Aside from a newer camera body and a fast lens, the only other gear recommendations are the same that I'd offer for any shoot - make sure your batteries are charged, you have an extra one on hand, clear out your memory cards, and carry extra cards as well.
Ready, set, go...
So you have your gear, you're standing in line waiting to get in, now's your chance to start dialing things in so you're not fiddling around with your camera while the band launches into their first song. I start straight away by pushing my ISO up to 1250, opening my lens up as wide as it will go, and then hoping that 160th will give me a good exposure when I get inside. I'm set to shoot in RAW, because that will give me plenty of flexibility later on for processing, and I set White Balance to auto, because 99 percent of the time, there's not going to be one standard light source, and you're going to have to handle this in post anyway. Anything else? Absolutely, and this one is critical -- change your metering mode to spot.
Now, in actuality, I don't change my metering mode to spot, it's set to matrix metering. However, I do have my function button on the front of the camera set to change metering to spot when depressed, so I spot meter on the fly. Here's why. No matter what type of venue you're shooting in -- small club, outdoors under a tent, large theater -- there are going to be all sorts of lights flying around. Colored light on the background, spots on the performers, room lights and everything else you can think of. If you use matrix metering, your camera is going to take in all of that info, including the super-bright areas of the frame, and direct you to expose appropriately. You'll get home and that would-be-amazing shot of your favorite singer is going to have a great looking background, and a horrifically under-exposed subject. Damn. But, if you spot meter off of your subject's face, or a light piece of clothing, you're going to go home, fire up you computer and knock your own socks off with the results. Sure, those spotlight heads will be blown out, but exposure on the singer will be, well, spot on.
Stopping action is another question. In general, you're probably not going to want the head-banging guitarist to be a massive blur of hair, so you'll need to stop the action. A few paragraphs back I said that I usually start out right around 160th of a second, and often times that works out pretty well. The thing to remember is, if you need more exposure, try to get it with ISO rather than dropping your shutter speed too much. This of course is subjective -- if you're taking photographs of a single, singer song writer sitting on a stool, by all means, slow down the shutter to get the exposure you need.

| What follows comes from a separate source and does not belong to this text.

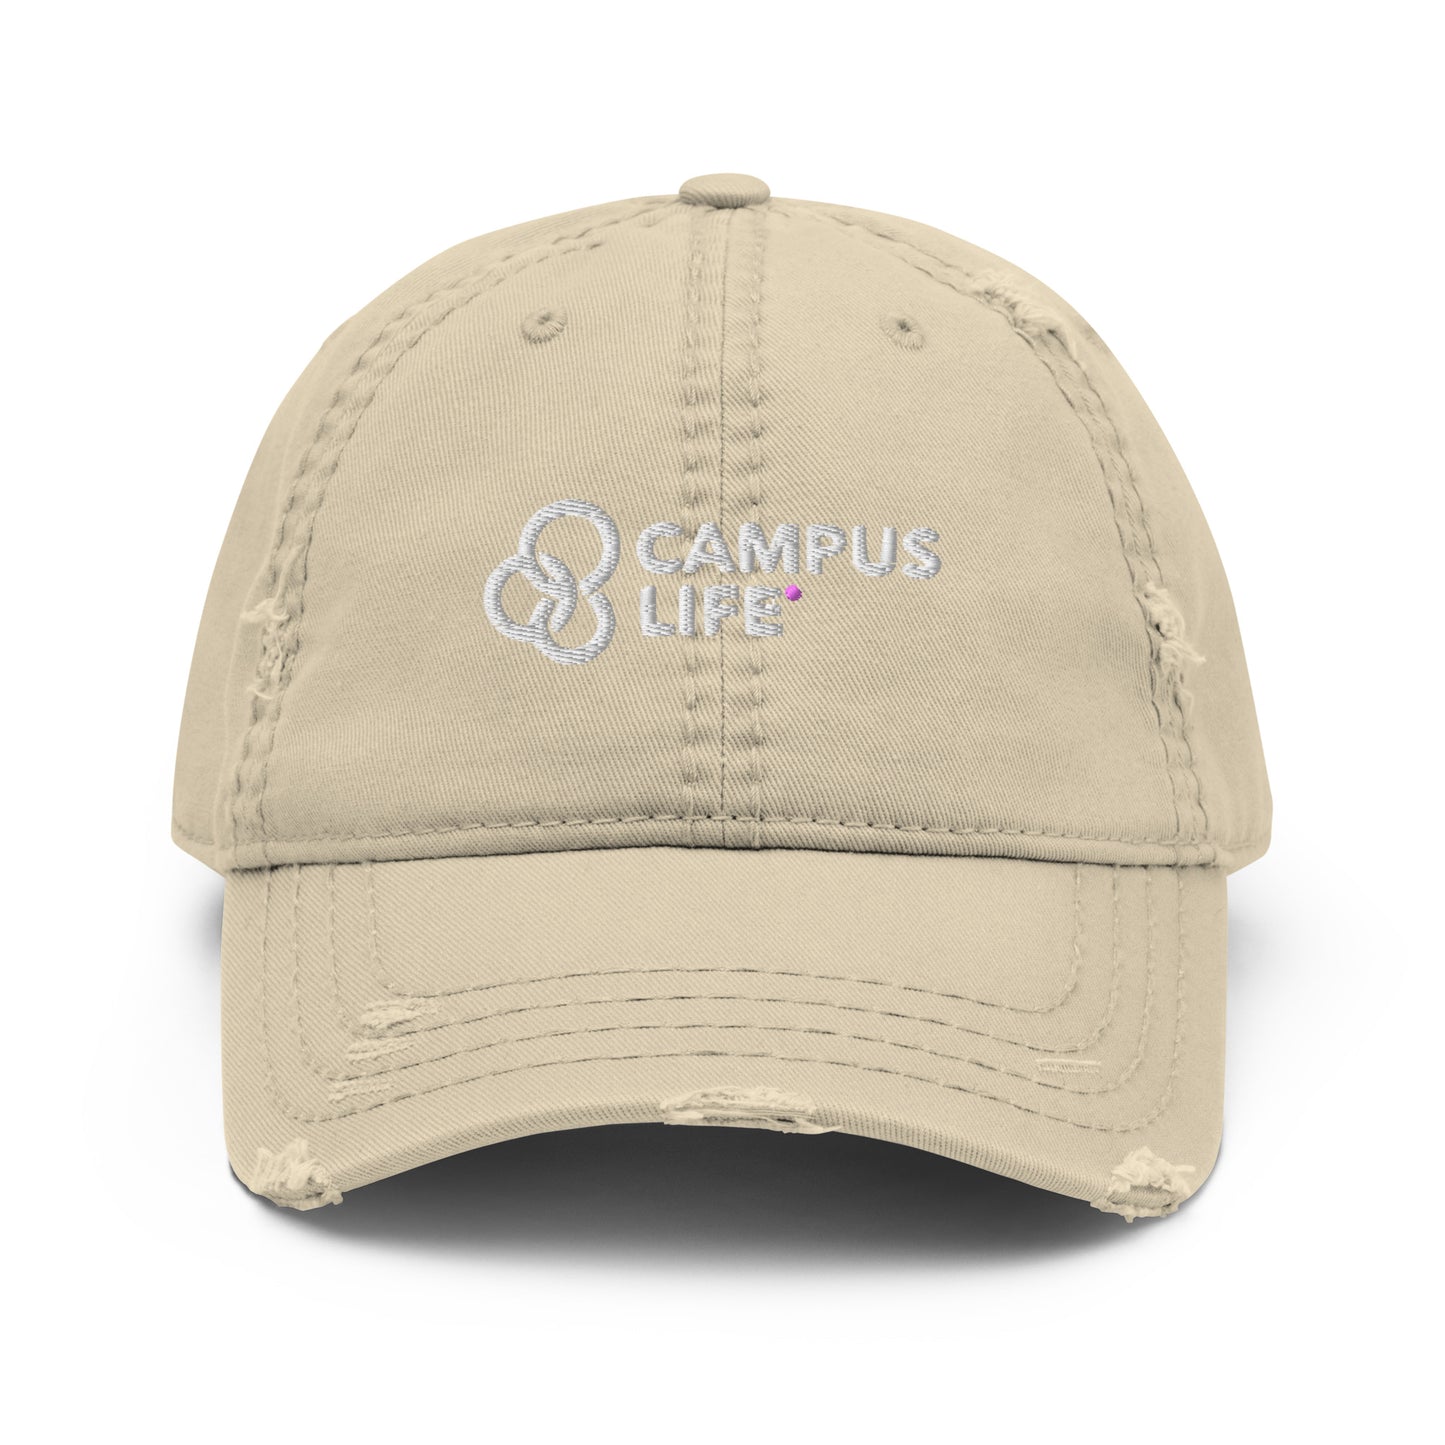 Campus Life Distressed Dad Hat

Technically, with these tips you should be able to pull off some solid shots in most live performance situations. Keep in mind while you're figuring out the technical side of how to get the shot, composition and subject matter are still important. I tend to keep a few things in mind when I'm shooting a show. First, I try to pay attention to the shadows being cast from microphone cords and such. I've had many shots I thought were fantastic go south when in review I realized there was a hard shadow running right across the singer's face. Also, I'm there trying to capture the whole scene, not just shots of the musicians, so I'll try to get some fan shots and anything else that catches my eye.